Да уж, со стариной «Канцлером» приходилось держать ухо востро. Сытый, он обыкновенно был незлобив, точно крокодил, набивший брюхо и греющийся на солнышке, но упаси тебя Ад приближаться к нему, когда он разгорячен боем, голоден или не в духе! Прислугу нашу батарейную, бывало, шомполами приходилось пороть, чтобы заставить ее нагар после стрельбы очистить. Не любили демоны из свиты монсеньора Везерейзена, чтоб банником им в пасть лезли, многим подступившимся носы да пальцы обгрызали. Ловко у них это выходило, конечно. Только кто из нижних чинов подступится к дулу, белый как мел, как невидимые пасти хрустнут, он заверещит, да уж поздно — катается, бедняга, в траве, обглоданный едва не до костей.

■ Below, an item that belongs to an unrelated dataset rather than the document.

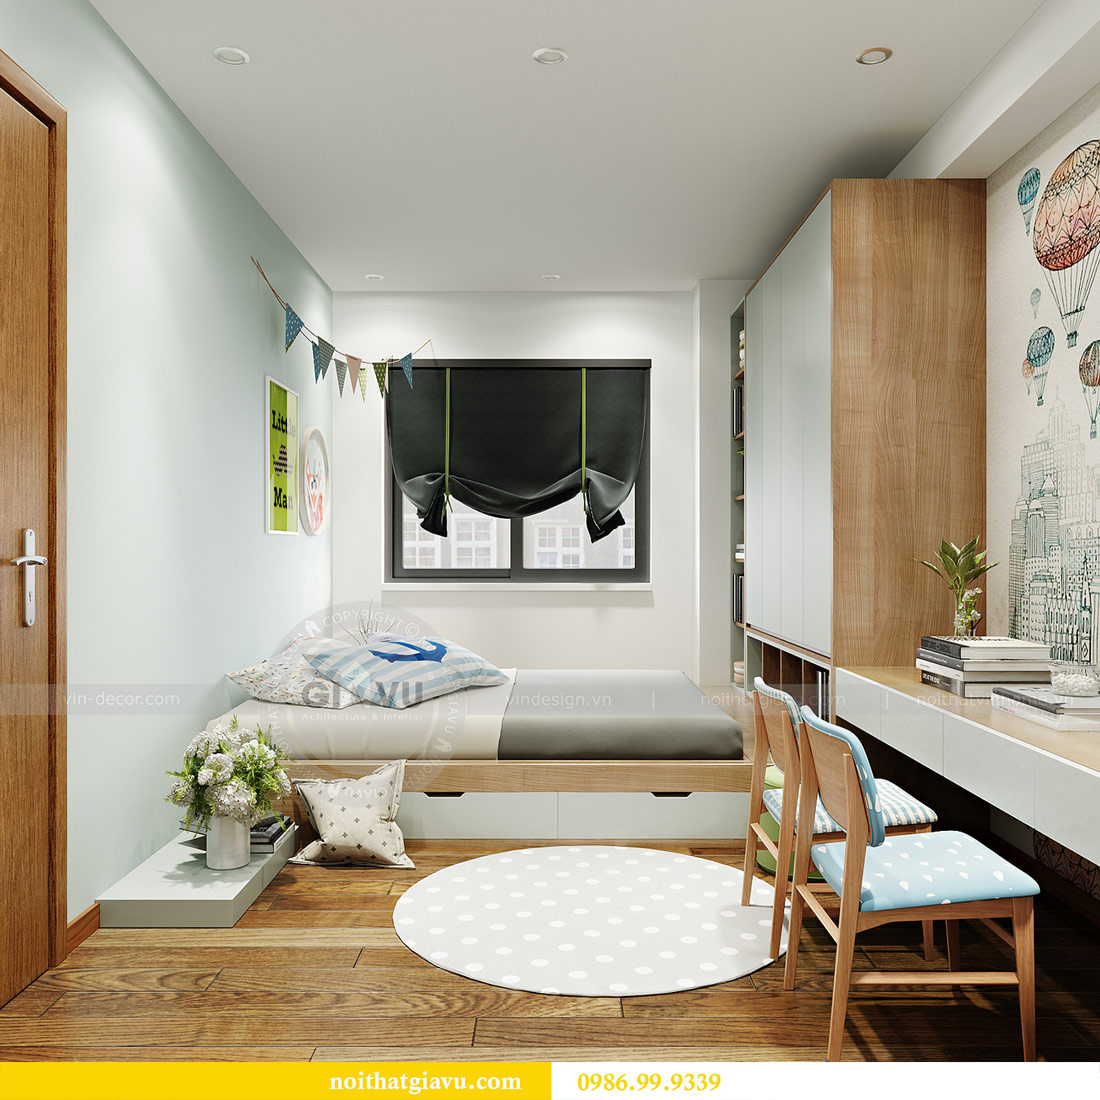 Mẫu thiết kế nội thất chung cư GREEN BAY MỄ TRÌ 7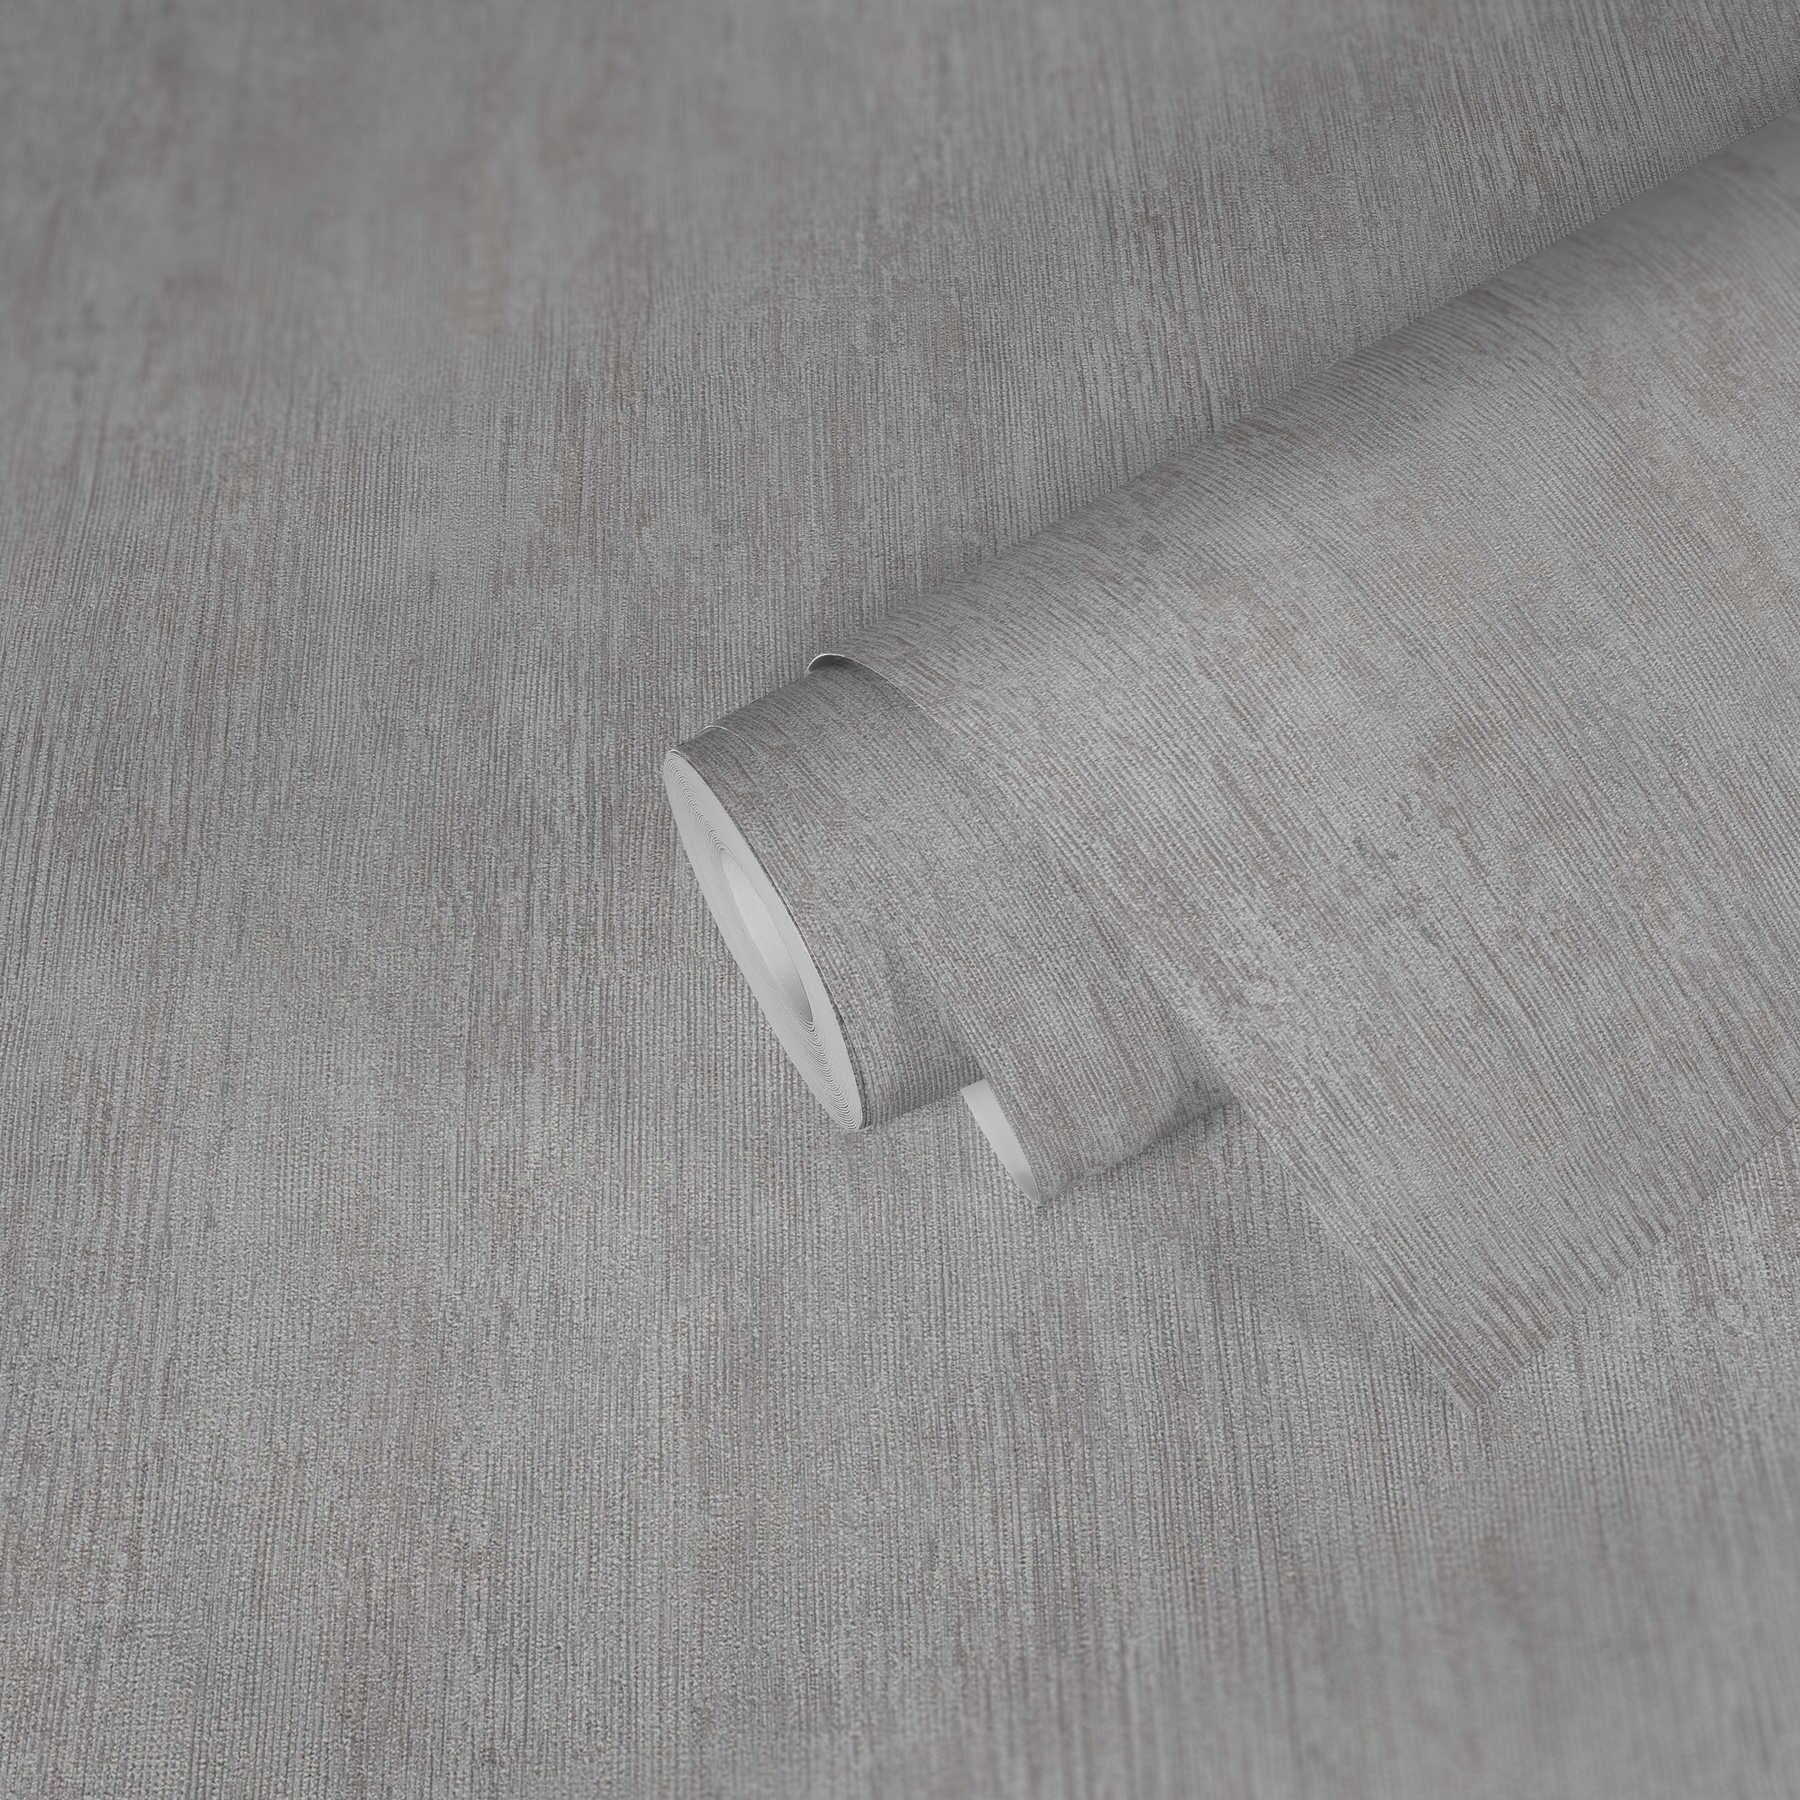             Unitapete Riefen-Design, Industrial Style – Grau, Weiß

Мы, бывало, с ребятами шутки ради нарочно чистку внеурочную назначали, когда демоны не спали — бились об заклад, чем дело закончится. Не от злости, понятно, а просто чтобы обслуга не расслаблялась, помнила, с какими силами дело имеет… Ох и бесился же штабсарц Фойриг, наш коновал, на такие шуточки глядя. Половину своей бумаги на рапорта извел — жаловался, что обслугу почем зря калечим. Строгий был у нас штабсарц, намаялись мы с ним в то время… Нет бы опиумом дымить, как прочие, в Районг мотаться к девочкам, нет же, все норовил службой заняться. Повязки накладывать учил, кровь останавливать, а если обнаруживал у кого из наших за пазухой плошку с маслом — раны прижигать — заставлял на месте выпить до дна. Суров был штабсарц Фойриг, да только в штабе его писульки, сдается мне, на самокрутки пускали. Батарея здравствует, работу свою выполняет, а что по пальцам и носам убыток терпит, так это не страшно — этих пальцев и носов в запасе пока хватает…
Не сбивай меня с мысли, сморчок, я же про «Костяного Канцлера» речь вел. И про Хази.
Черт, что там прислуга, даже я, старый пушкарь, рядом с этой зверюгой старался поменьше околачиваться. Он и выглядел как… как… Черт его знает. Только не хотелось рядом с ним задерживаться сверх необходимого. Ствол у него был не полированный, с вензелями, как это у королевских пушчонок обычно бывает, а грубый, оплывший, покрытый стальными зазубринами и шипами — не то колонна какого-нибудь забытого адского храма, не то древний дуб, выросший на проклятом болоте… Я к нему не прикасался иначе чем в толстых перчатках телячьей кожи, но и так ощущал, как мороз по загривку треплет — прямо чувствуешь, как там, внутри, эти твари ворочаются и зубами щелкают, друг другу косточки перетирая…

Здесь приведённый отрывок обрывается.